We had our North Ranch Fall Cattle Drive on the one sunny day in the later part of October. We again had help from the crews from Two Bar C and Meed's Meadows. We gathered the cattle in the morning into the holding pen at the North Ranch. After we had our lunch, we brought the cattle to the highway, and with George's help, brought them to RR 3185 and headed them south to the Home Ranch. We had prepared a field where they could eat some hay or go out and graze. Most chose to try the hay but a few were glad to pick at the grass in the field.
The McLeans came for their annual deer hunt on Halloween weekend. They harvested a young buck. While they were out in the bush they saw 4 wolves just under a kilometer from the yard!! Needless to say I was uncomfortable about having them around. The crew and I went to the Pierceland Haunted house on the Saturday evening of the weekend, it was a psychological terror this year. As usual it was very well thought out and executed. The crew member with me on my walk through, did not trample me, but the young couple we were with, certainly seemed to be in a hurry to get through the "house." LOL On Sunday morning, Vawn & Chris' sudden appearance in the paddock where there were cows and calves caused a stampede. Perhaps the predators had the cattle on edge or maybe they just got startled, but they ran over several fences and had to be rounded up on horseback to get them to return to their proper paddock.
Meanwhile the Meed's Meadows crew and Marilyn helped us sort, tag and load calves for the sale on Halloween. Howard came and hauled a couple of loads and I hauled the rest. Now the ranch became a very noisy place with cows bawling for their calves.

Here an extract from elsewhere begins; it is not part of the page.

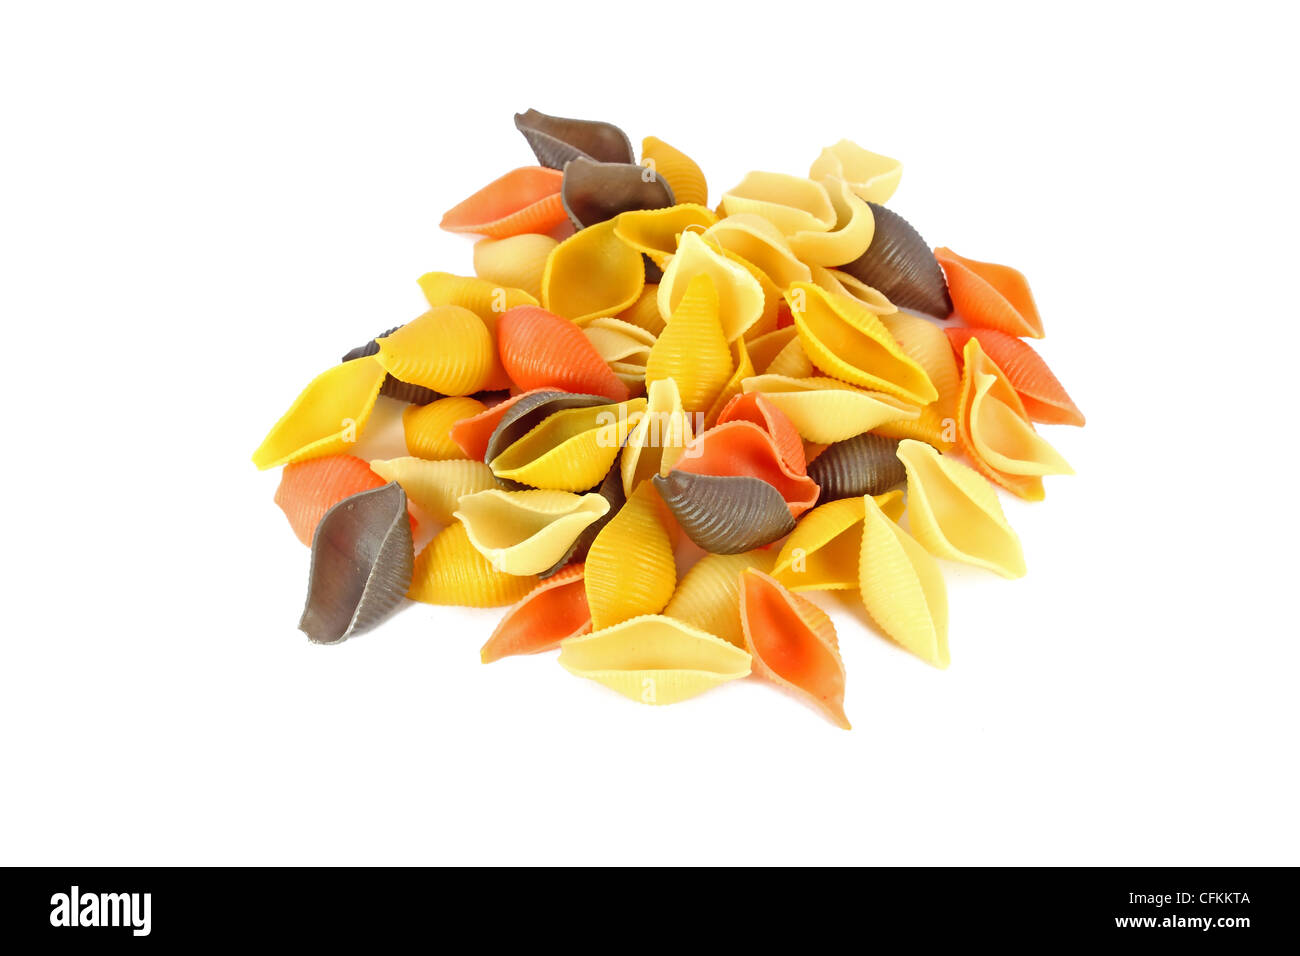 Montón de conchas de pasta de color crudo aislado en blanco Imagen De Stock

After going to MLS, I went to the neighbours to retrieve the two wandering, yearling heifers that had spent the summer on the wrong side of the fence. The neighbours had also brought their cattle in, to sell their calves, and could finally sort off my heifers. The calves were sold at about half the price we received last year, the weights were very similar but the price/pound was just down that much. On the other hand the prices last year were very much inflated and this year there seems to be a great deal of fallout from the exorbitant prices that led to huge losses in many feedyards.